Contactless multi-threading designed for real-world thread experts

Question

Contactless multi-threading designed for real-world thread experts

I read the answer that Jon Skeet gave to the question, and in it he mentioned it

As far as I know, multithreading without blocking is intended for real thread experts, of which I'm not the only one.

Not the first time I heard this, but I find very few people talking about how you actually do this, if you are interested in learning how to write loose multithreaded code.

So, my question is, besides learning everything that you can about streams, etc., where you start trying to learn how to specifically write multi-user code without blocking and some good resources.

Greetings

+79

multithreading c # .net lock-free

vdhant Mar 27 '10 at 10:50

source share

6 answers

Joe Duffy Book:

http://www.bluebytesoftware.com/books/winconc/winconc_book_resources.html

He also writes a blog on these topics.

The trick to getting low-lock programs is to understand at the deepest level that the memory model rules are in your particular combination of hardware, operating system, and runtime.

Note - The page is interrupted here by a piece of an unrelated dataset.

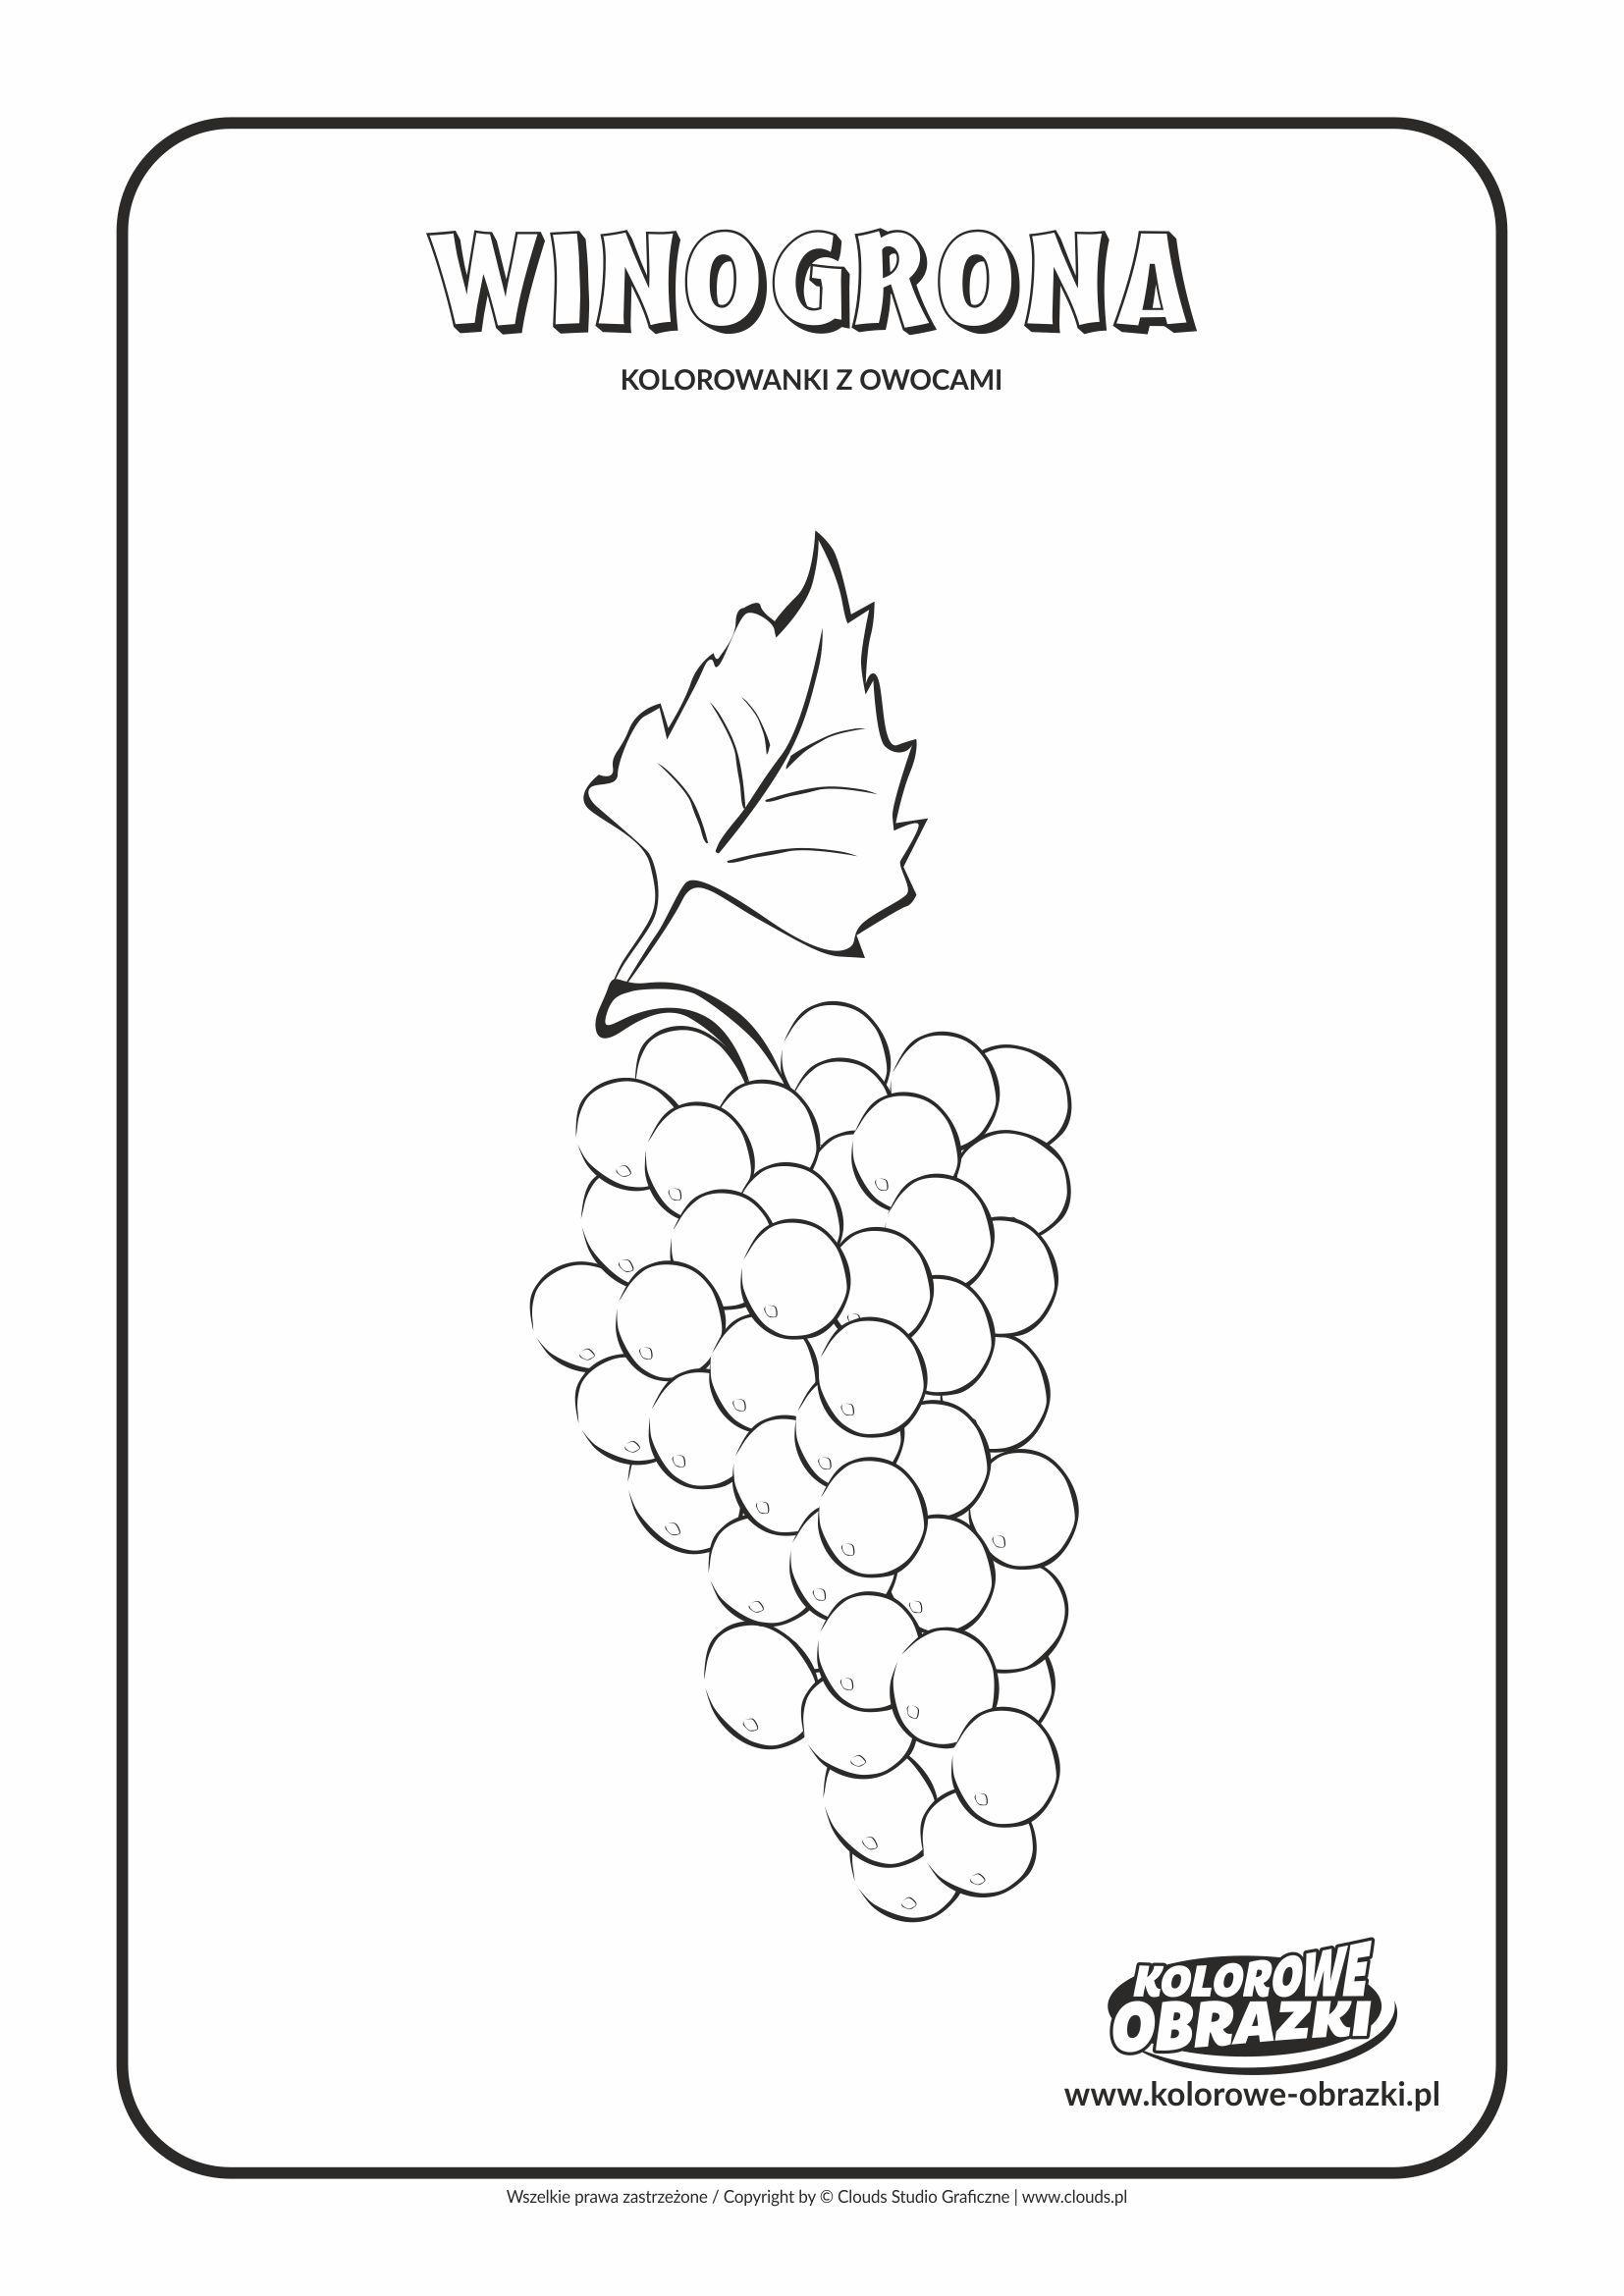 Winogrona Kolorowanki Owoce Kolorowanki Dla Dzieci Words Word Search Puzzle

I personally am not smart enough to do the right programming with a low level of lock outside InterlockedIncrement, but if you are great, go for it. Just make sure that you leave most of the documentation in code so that people who are not as smart as you accidentally break one of your memory model invariants and make an error that is impossible to find.

+26

Eric Lippert Mar 27 2018-10-03T00:

source share

Nowadays there is no such thing as a "lock". It was an interesting venue for academia, etc., At the end of the last century, when computer equipment was slow and expensive. Dekker's algorithm has always been my favorite, modern equipment brought him to the pasture. It doesn't work anymore.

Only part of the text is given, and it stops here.